Author: Tom Kerrigan
Date: 14:19:50 07/05/03
On July 04, 2003 at 23:26:56, Robert Hyatt wrote:

>On July 03, 2003 at 20:11:24, Tom Kerrigan wrote:
>
>>On July 03, 2003 at 19:38:29, Robert Hyatt wrote:
>>
>>>On July 03, 2003 at 16:48:07, Tom Kerrigan wrote:
>>>
>>>>On July 03, 2003 at 16:23:10, Russell Reagan wrote:
>>>>
>>>>>On July 03, 2003 at 15:02:55, Joachim Rang wrote:
>>>>>
>>>>>>The main reason is, that Athlon and P3 have 9 instructions per cycle and P4 has
>>>>>>only 6.
>>>>>
>>>>>Also the length of the pipeline on the P3 is 10, which means that a mispredicted
>>>>>branch costs 10 cycles. On the P4 the length of the pipeline is 20, which means
>>>>>it costs 20 cycles for a mispredicted branch. I may be wrong about the actual
>>>>>numbers (10 and 20, but I think they are close). I'm not sure what the length is
>>>>>on the Athlon. Anyone know?
>>>>
>>>>Pentium 3: 12 cycles
>>>>Pentium 4: 20 cycles
>>>>Athlon: 10 cycles
>>>>Opteron/Athlon 64: 12 cycles
>>>>
>>>>In addition to unpredictable branches and parallelism, the P4 also has 8k of L1
>>>>cache vs. the Athlon's 64k. The P4's cache is faster, but that may not make up
>>>>for the difference in size with typical chess programs.
>>>>
>>>>-Tom
>>>
>>>That's slightly inaccurate.  The PIV has 8k of L1 data cache, but it also
>>>has a 12K micro-op trace cache that is also L1.  The 12K is the number of
>>>micro-ops Intel claims it stores, but I have never found them saying how
>>>many "bytes" that turns into.  But I would imagine it is at least 24K if not
>>>more as 1-byte instructions are pretty rare I'd think, in a RISCY-type
>>>internal architecture.
>>
>>Well, IIRC, uops are around 240 bits, so that's around ~350kbytes of memory,
>>which seems like it's in the right ballpark given die photos. But the number of
>>instructions it stores is more interesting than the amount of memory the
>>implementation requires.
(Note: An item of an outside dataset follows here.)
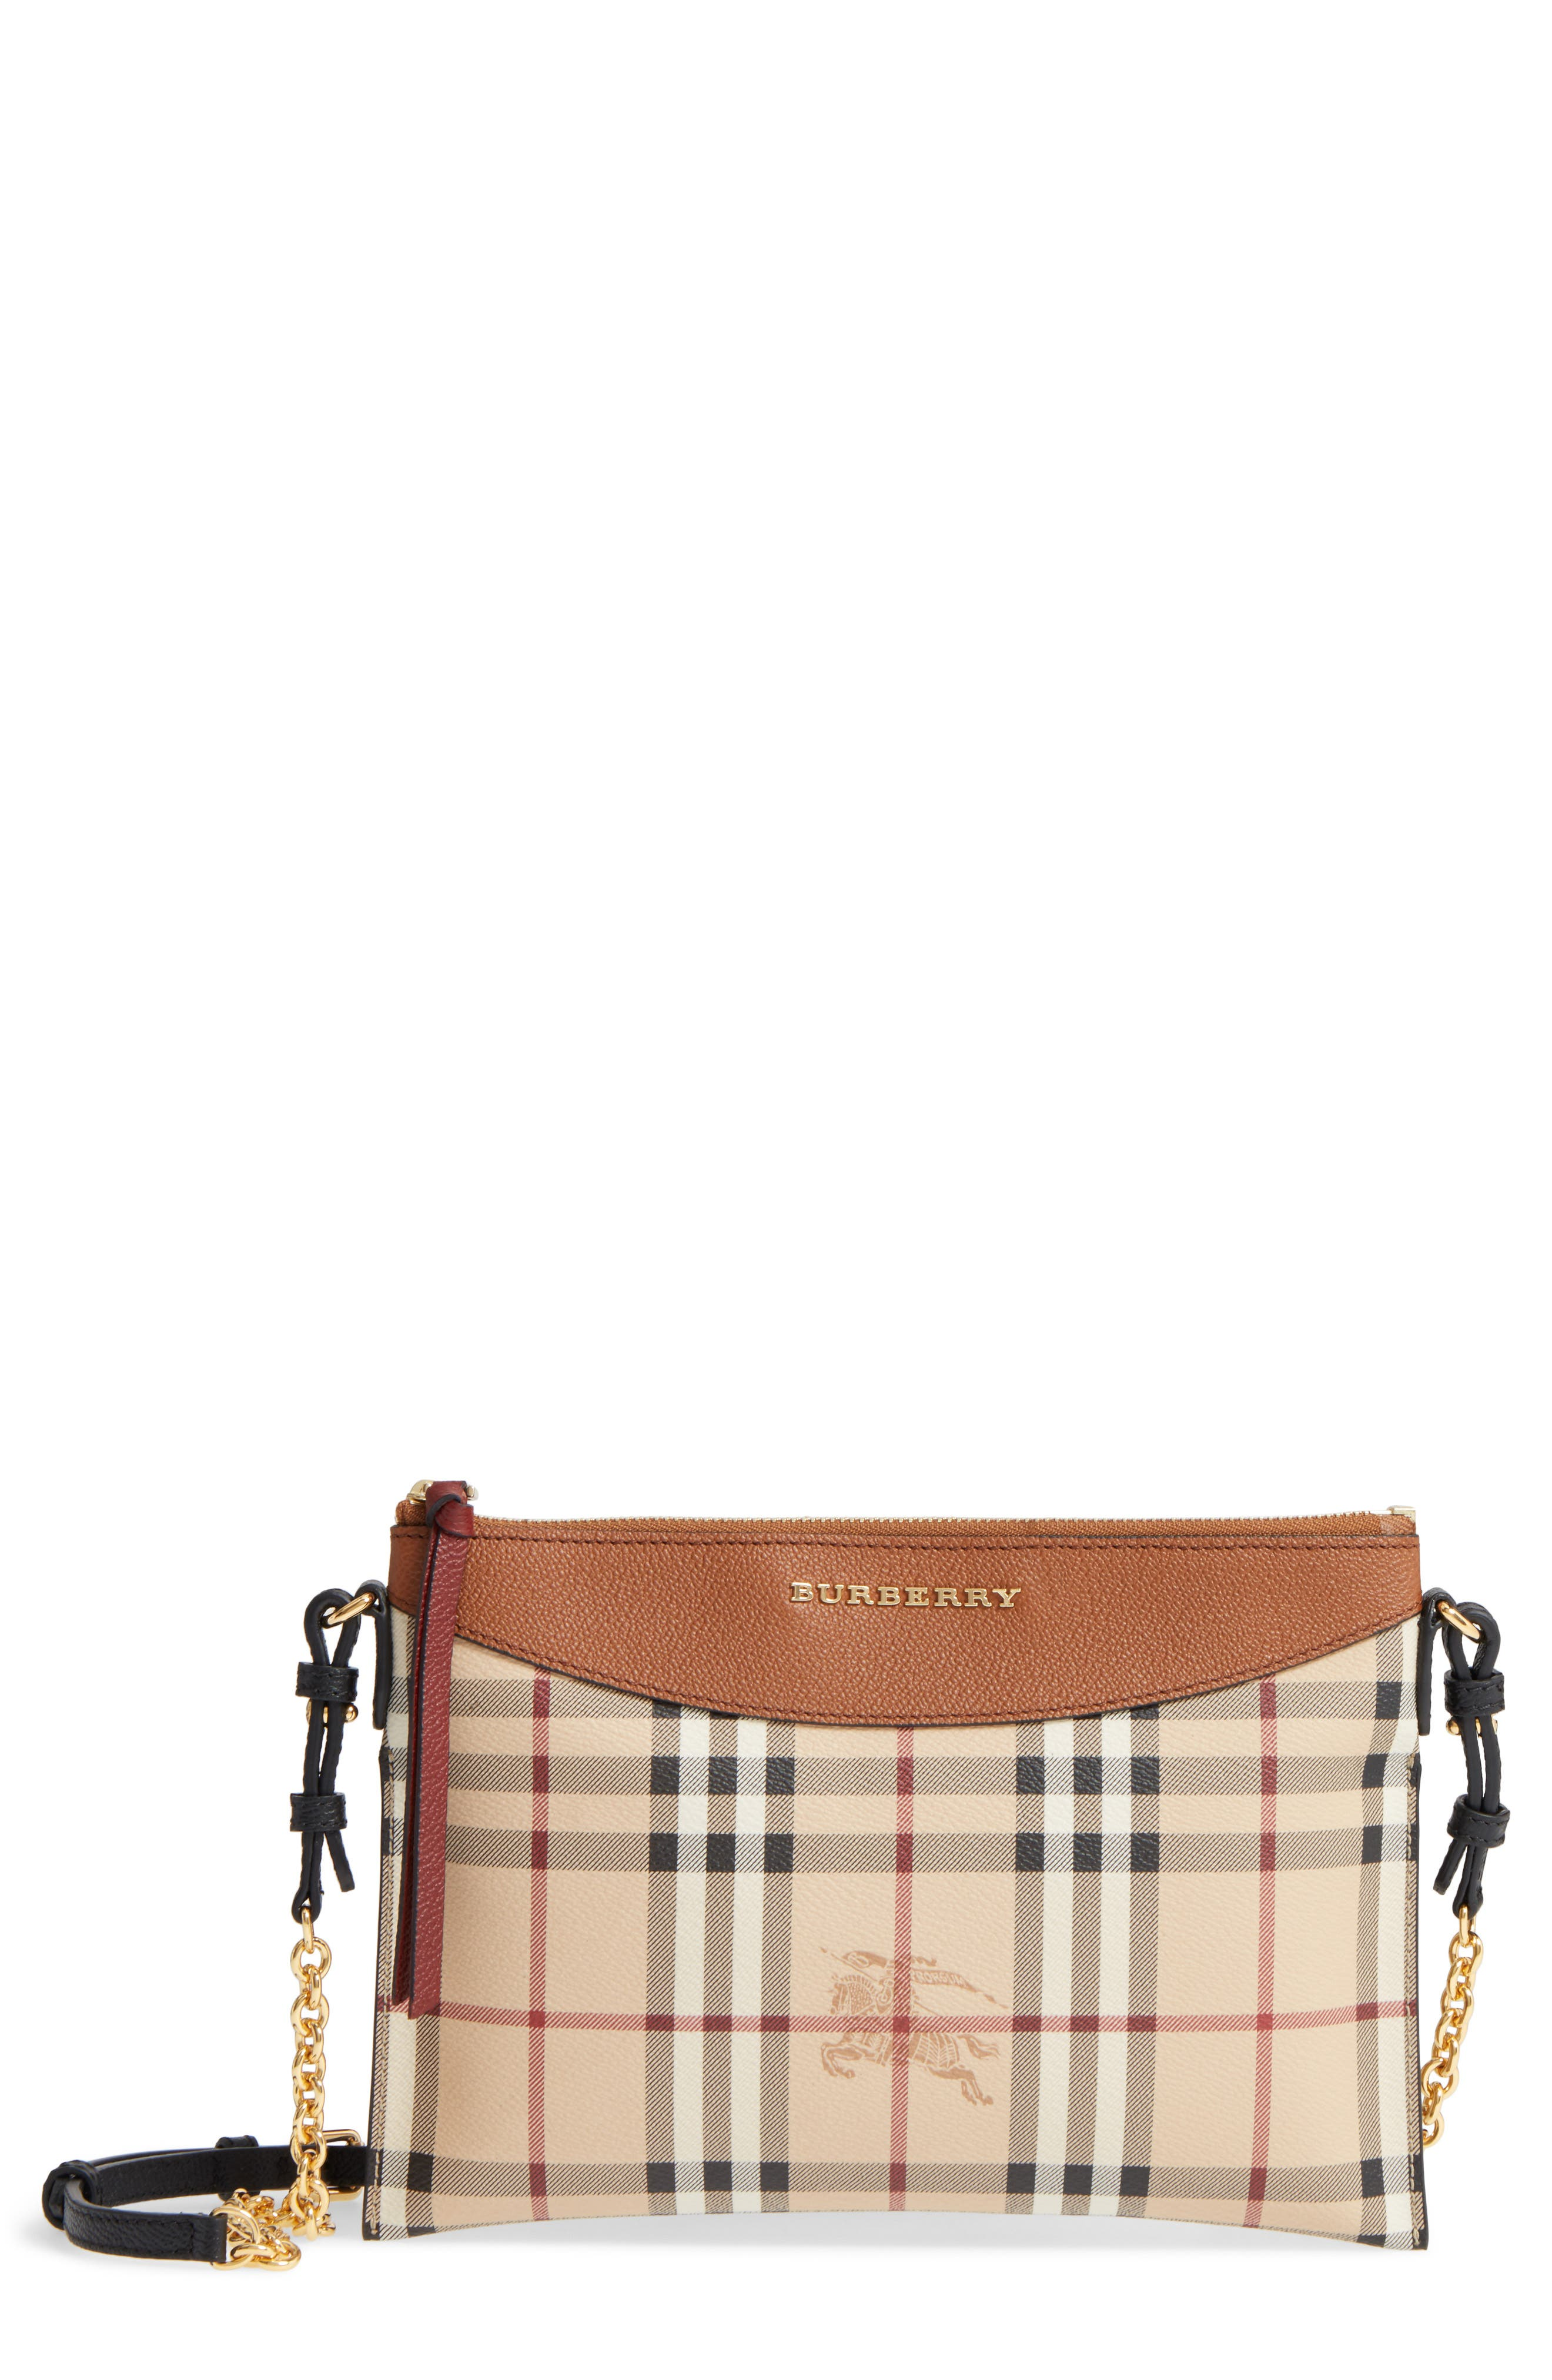 Burberry Peyton - Haymarket Check Coated Canvas Crossbody Bag

The Athlon has a 64k L1 instruction cache which can
>>store ~21k instructions if you figure x86 instructions average 3 bytes (just a
>>guess given code sizes of x86 vs RISC programs).
>>
>>So it seems like the Athlon has a much bigger L1 instruction cache but really I
>>don't think the size of an instruction cache matters as long as it's big enough
>>to give you the typical > 99.9% hit rate.
>
>I'm not sure about the "much bigger L1 instruction cache."
>
>I don't see why a micro-op would be 240 bits, but that's your number, so I'll
>take it at face value.  If the PIV has 350K of L1 instruction, how is that
>"less" than 64K?  Most instructions (X86) don't take but 1-2 uops according
>to Intel.

uops are huge compared to machine language instructions because they have to
encode all of the information necessary for the core to execute the instruction.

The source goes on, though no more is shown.